The supernannies in the English government, specifically the Department of Health, have ordered local councils (government bodies with authority over small geographic areas) to “collect data” on families thought to be displaying behavior likely to cause “unintentional injury.” Shockingly, the data will be collected by sending agents into the target homes — without warrants and without warning — to determine whether the parents or guardians of the children have provided them with the necessary safety precautions such as smoke alarms, door locks, stair gates, proper temperature in the hot water heater, etc.
Prior to promulgation of these new guidelines, councils would rarely inspect a house for any reason other than building code violations or extreme risk of serious harm to public health.
The recent regulations also recommend the establishment of a nationwide database wherein the information gleaned from these searches can be collected and published. This database will be the largest of its kind in the world, according to reports in British newspapers. With the officially mandated storage of information, no matter how insignificant, councils and other government agents will have access to the most traditionally private of zones — the family home.
According to laws passed previously, doctors, midwives, teachers, and others with professional contact with children must report any “nagging doubts” they have regarding the health and safety of children in their care. Under the dictates of the new proposal, these caregivers will be afforded access to the database and will be able to amalgamate the results of their own observations.
In reports published on politics.co.uk, the universe of those required by law to report possible exposure to risky situations will be expanded to include bus drivers and parents who volunteer to participate in carpools.
While not yet the law, the scheme has been delivered to parliamentary committees for consideration and if approved, it will be enacted next year.
One of the most incredible and untenable aspects of the directives is the instruction to inspectors to “supply and install home safety equipment” in any home they deem to be inadequately protected. Such intimate interaction into the personal lives of Her Majesty’s subjects has rankled even a few normally unflappable Britons.
Matthew Elliot, spokesman for the TaxPayers’ Alliance, sagaciously summarized the ineffictiveness of the proposal when he told the Sunday Times of London, “Good parents will feel the intrusion of the state in their homes and bad parents will now have someone else to blame if they don’t bring up their children in a sensible, safe environment.”

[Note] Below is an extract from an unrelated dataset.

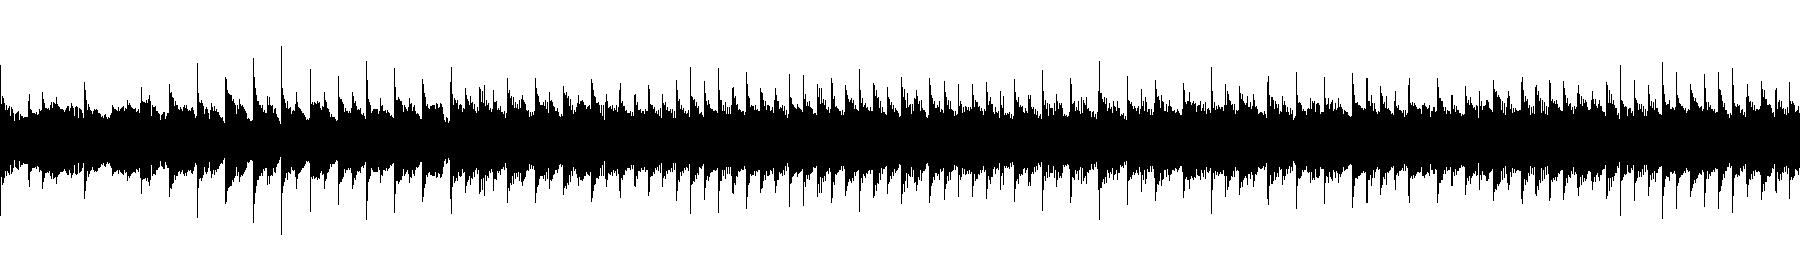 106 d organhits sp 01

Despite promising pockets of opposition, a statement made to the BBC by U.K. Children’s Minister Delyth Morgan demonstrates the general acceptance of such an obnoxious desecration of the most sacrosanct of edifices. “It’s not quite as radical as it sounds,” the Minister claimed.
Actually, Ms. Morgan, if the parliament of the U.K. passes this plan, the result will be a law that is more radical, more inexcusably presumptuous, and more dangerously invasive that any law enacted in recent memory, even in the cradle-to-grave, ever-and-over-vigilant nanny state that is the modern United Kingdom.